Parallel programming frameworks have been an active area of research. The holy grail is to let the programmer focus on program logic and have the framework infer parallelism and execute parallel code efficiently on heterogeneous clusters. This remains challenging.

OpenMP [9] (shared memory) and MPI [10] (message passing) are two of the most widely used parallel programming frameworks. Shared memory models are often extended to multiple machines resulting in distributed shared memory (DSM) systems [2], [11], [12], [13]. DSM systems are easier to program than message passing ones, but generally employ complex memory consistency protocols (often requiring application specific knowledge) resulting in high coherence overheads. Message passing alternatives generally require transfer of not only data but also some control and program state information. With a large number of small data transfers, the latency quickly becomes a bottleneck. Our system uses the best of these two worlds by exposing a DSM style model to the programmer but behind the scenes employs shared memory (within a machine) and message passing (across machines) for data transfers. Deferred data exchanges in bulk amortize message passing overheads.

CUDA [6] is C/C++ like programming language for highly data-parallel processing on NVIDIA GPUs. These

GPUs implement hardware threads that can be created and scheduled quickly (a few cycles compared to a few thousand cycles in CPUs). CUDA programs often use thousands of threads to perform a data-parallel task. The memory hierarchy (private and shared) on the GPU is fully exposed to the programmer for program-specific data placement and optimization. The device memory is independent of the host memory and user must often explicitly copy the data from the host CPU. Once data is copied to the device, the GPU works independently and after finishing the computation, the user synchronizes the results back into the host memory. This bulk-synchronous nature of GPUs is a fundamental design parameter in our framework. Extending this bulksynchronizability allows application programs to transparently generalize from one GPU to multiple and from one machine to a cluster of GPUs.

Many single node CPU-GPU programming frameworks like [14], [15], [16] have been proposed. But these lack scheduling and load balancing capabilities and division of work between CPU and GPU is largely left to the programmer. StarPU [17] is a broader single node framework that supports CPU/GPU co-scheduling, but for optimal results it often requires calibration runs and scheduling hints from the programmer. It employs fine-grained schedulable units called codelets. Manual sizing of codelets in this framework is a challenge as the same size generally does not suit CPUs and GPUs well. GPUSs [18], a derivative of StarSs, also requires programmers to annotate specific code blocks with constructs (that identify tasks and target devices) and directionality clauses (that determine data movement). These hints are used to build a task dependency graph, which determines the scheduling of individual tasks.
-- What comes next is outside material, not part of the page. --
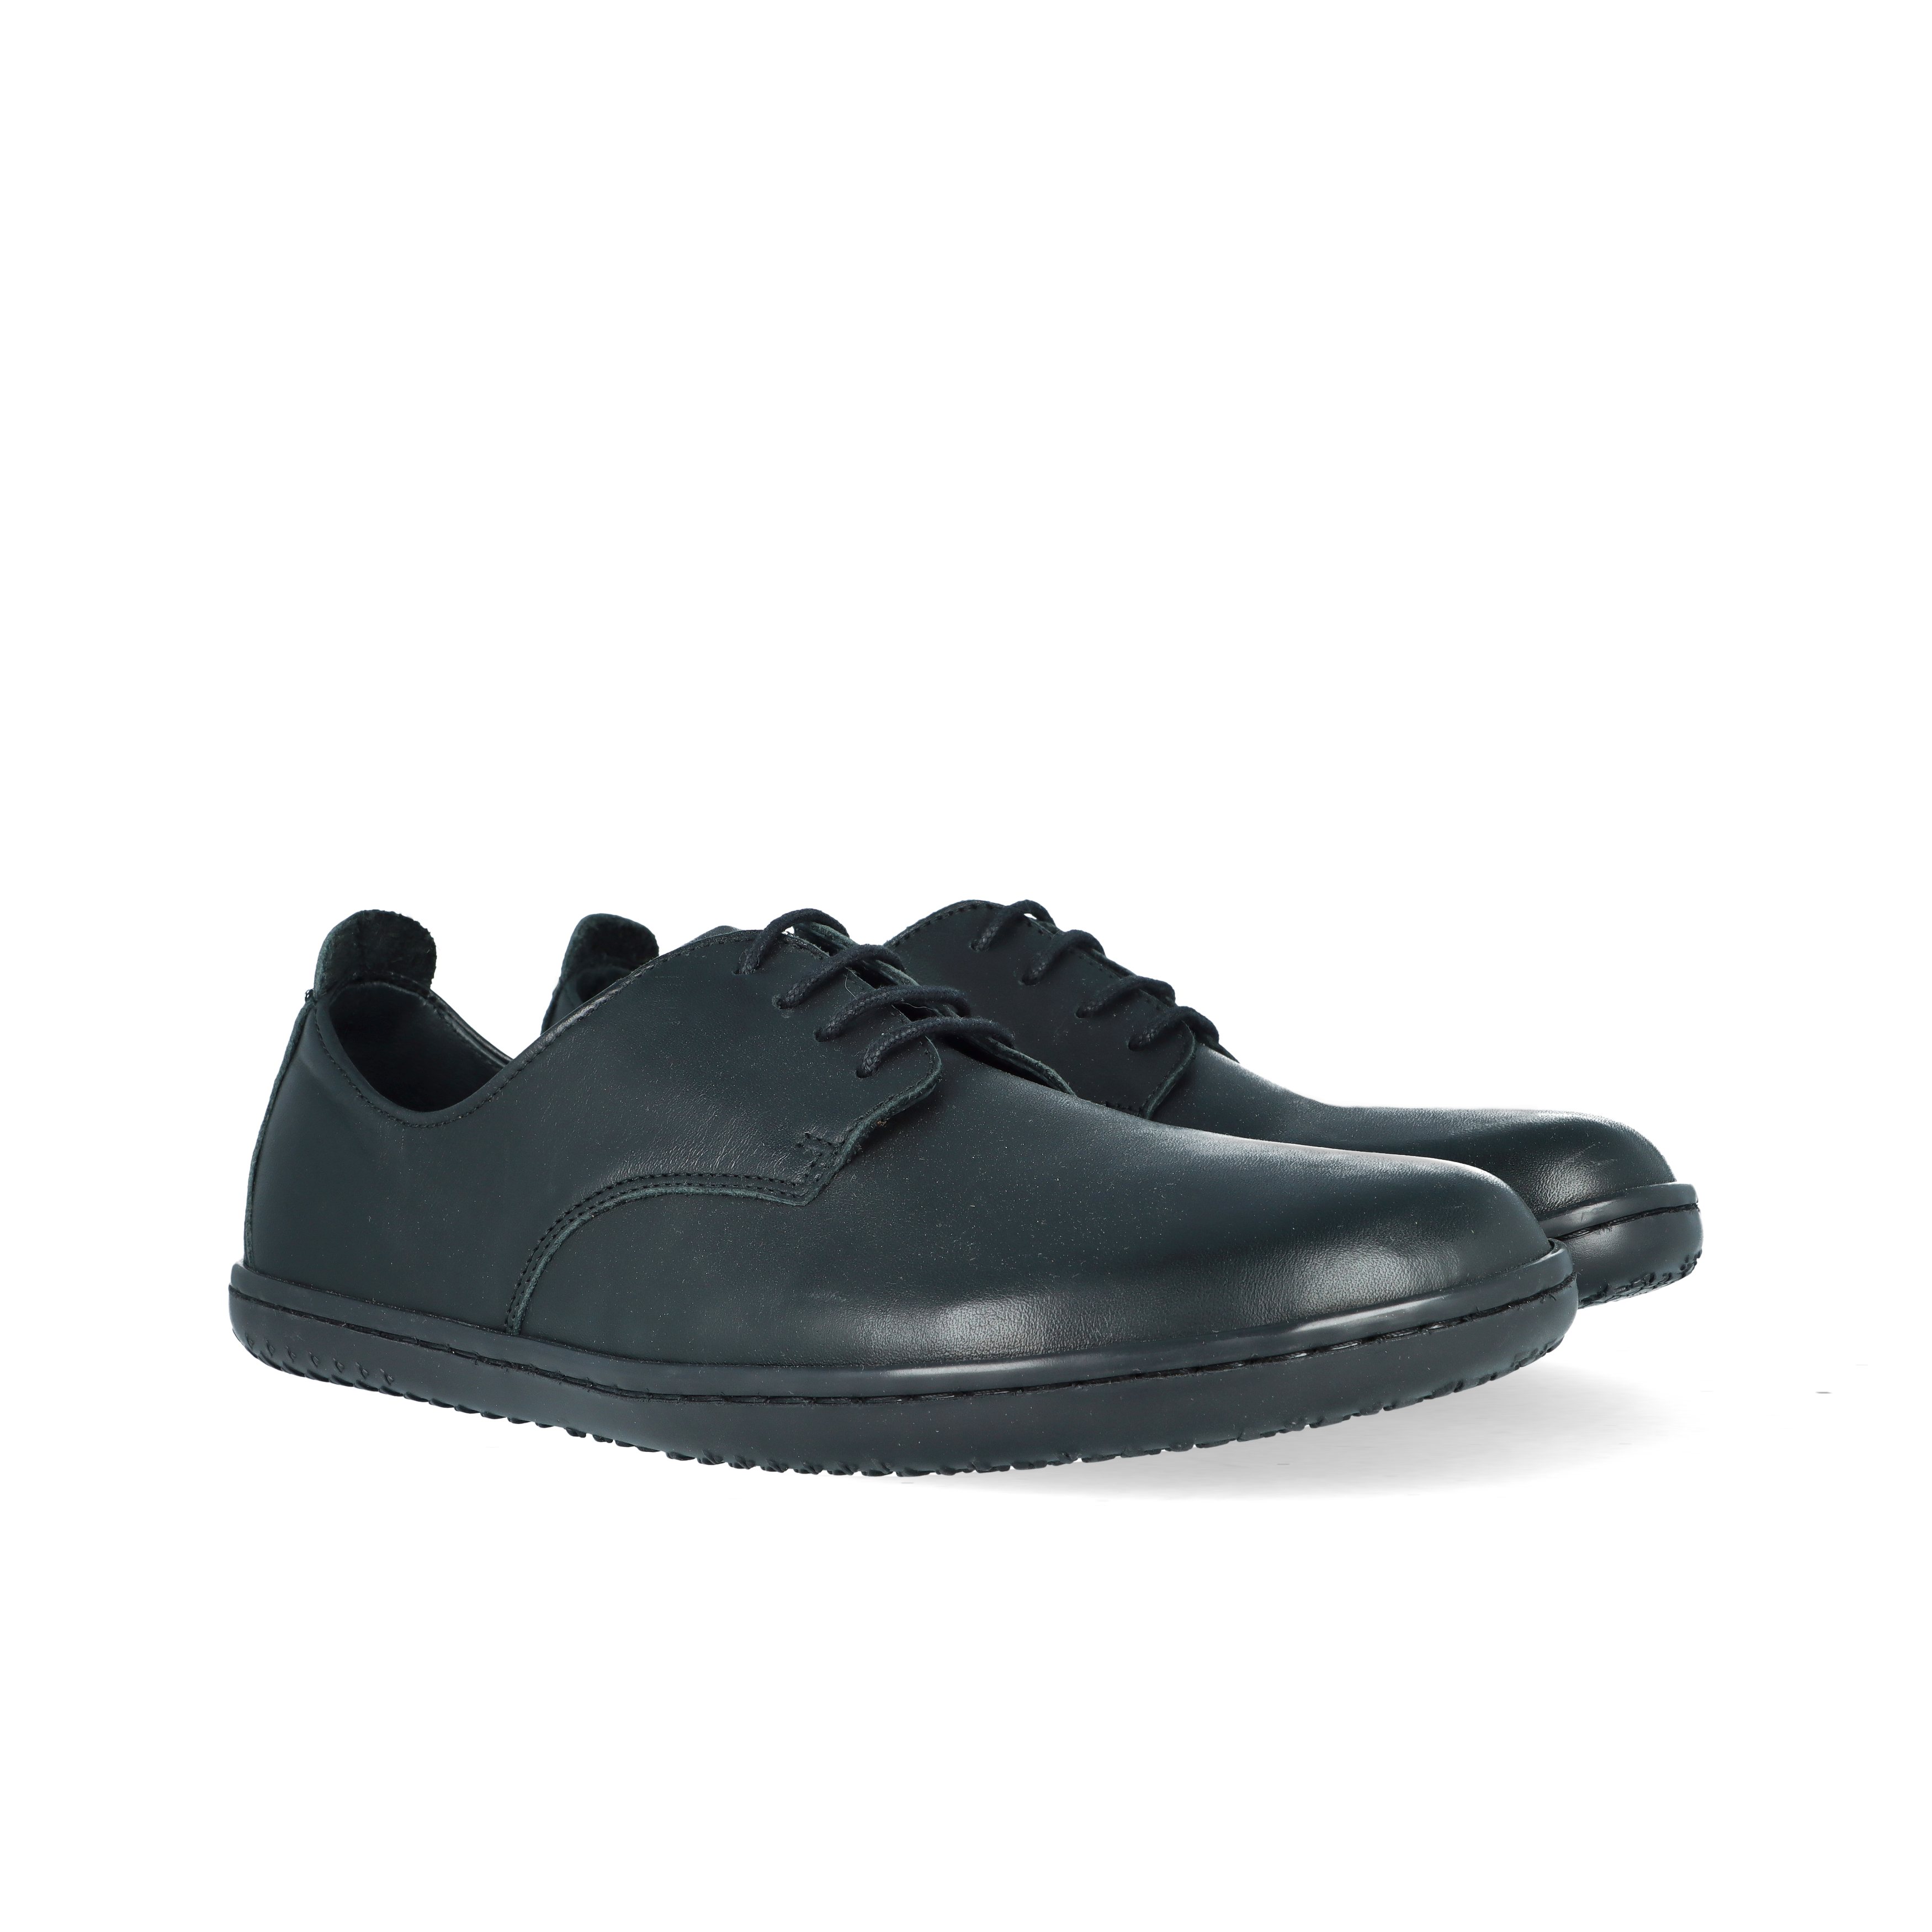 Angles Fashion - Chronos black - Zapatos barefoot – Cacles Barefoot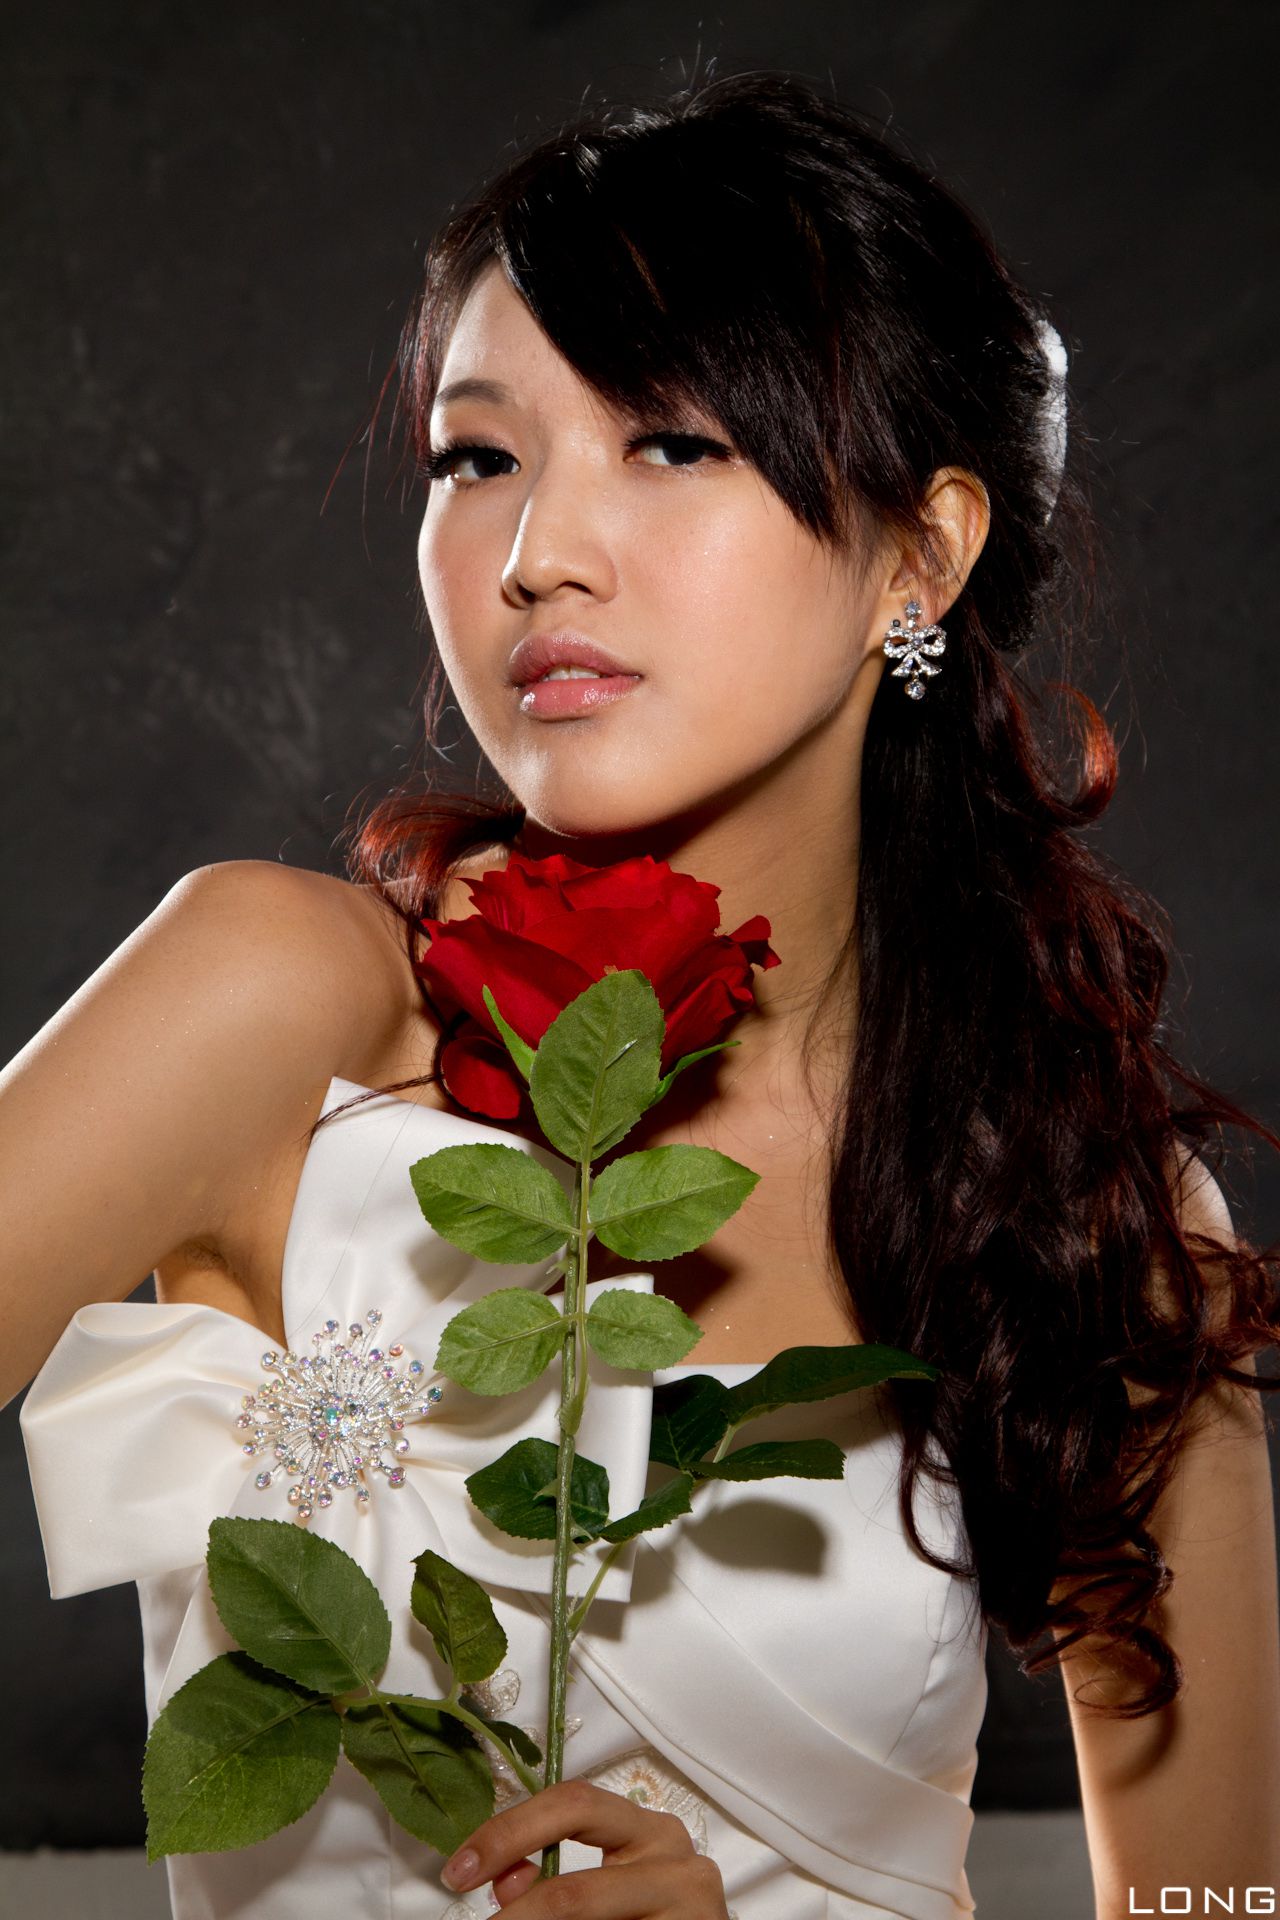 Taiwanese beauty model Chen Yuting Jill “Wedding Die” Photo Collection

XKaapi [19] is another system that employs a work stealing scheduler to distribute the load on CPUs and GPUs. In all these systems, scheduling decisions once made are not re-assessed and the granularity of work division between various accelerators and CPU cores is left to the programmer. These systems also do not target multiple machines.

Existing cluster programming systems can be broadly classified into two categories. First are language based approaches like [3], [20], [21], [22], [23], [24], [25], usually extending a sequential language like C or Fortran. The second category are library based approaches like [26], [27], [28], [29], [30]. The former ones focus variously on functional, loop or data parallelism and generally use shared address spaces (built on top of DSM or more specifically PGAS [31]) with fine grained synchronization. Their focus is to mainly allow the user to express parallelism at a high level and most do not support GPUs. In contrast, library based approaches employ some MPI-like communication where machine specific details are not completely abstracted from the programmer. Instead of focusing on program logic, the programmer has to directly handle issues like synchronization, scalability and latency. Hence, usual problems like race conditions and deadlocks remain.

Our framework *Unicorn* is also a library based approach. It is built on top of pthreads, MPI and CUDA. Its novelty is in the interface, which is general and intuitive, yet efficient. It unifies computation on local and remote computing units (CPUs and GPUs) using a bulk synchronous scheme. Its runtime environment automatically handles data distribution, scheduling and re-scheduling, load balancing, and synchronization. The closest existing work targeting GPU clusters are StarPU-MPI [32] and Phalanx [33]. The former is an extension of StarPU but it does not fully abstract the existence of multiple machines: the programmer must either explicitly manage communication with an MPI-like interface or explicitly submit independent tasks to each node of the cluster. Rather than a unified cluster programming framework, it is an MPI based aggregation of independent StarPU instances running on each node. It also lacks a holistic cluster wide scheduler. Rather, it uses multiple independent schedulers (one per node) which leaves load balancing mainly in the hands of the programmer. Phalanx is C++ template library with powerful mechanisms to create hierarchy of threads which are mapped onto a hierarchy of processors and memories. But it also lacks scheduling and load balancing capabilities. It also does not use CPUs and GPUs collectively for computations.

## III. PROGRAMMING MODEL

We detail our programming model with the help of an example. Figure 1 presents the pseudo-code skeleton (with execution logic removed) of a program to compute the one dimensional Fast Fourier Transform (1D-FFT) using our model. The model is implemented through a library of functions, some of which can register user-provided callbacks. These callbacks determine the division and distribution of input data, the computation logic and the reduction of the output. Our model supports allocation of PGAS like shared address spaces, where both the program input and the program output are stored. While an address space is logically shared, it is usually distributed across multiple machines and devices by our library. We have chosen to omit any 'flush' or global read/write primitive, and the nature of programming changes significantly because of that choice. We find this style of programming simpler, yet powerful enough for many coarse-grained scientific applications.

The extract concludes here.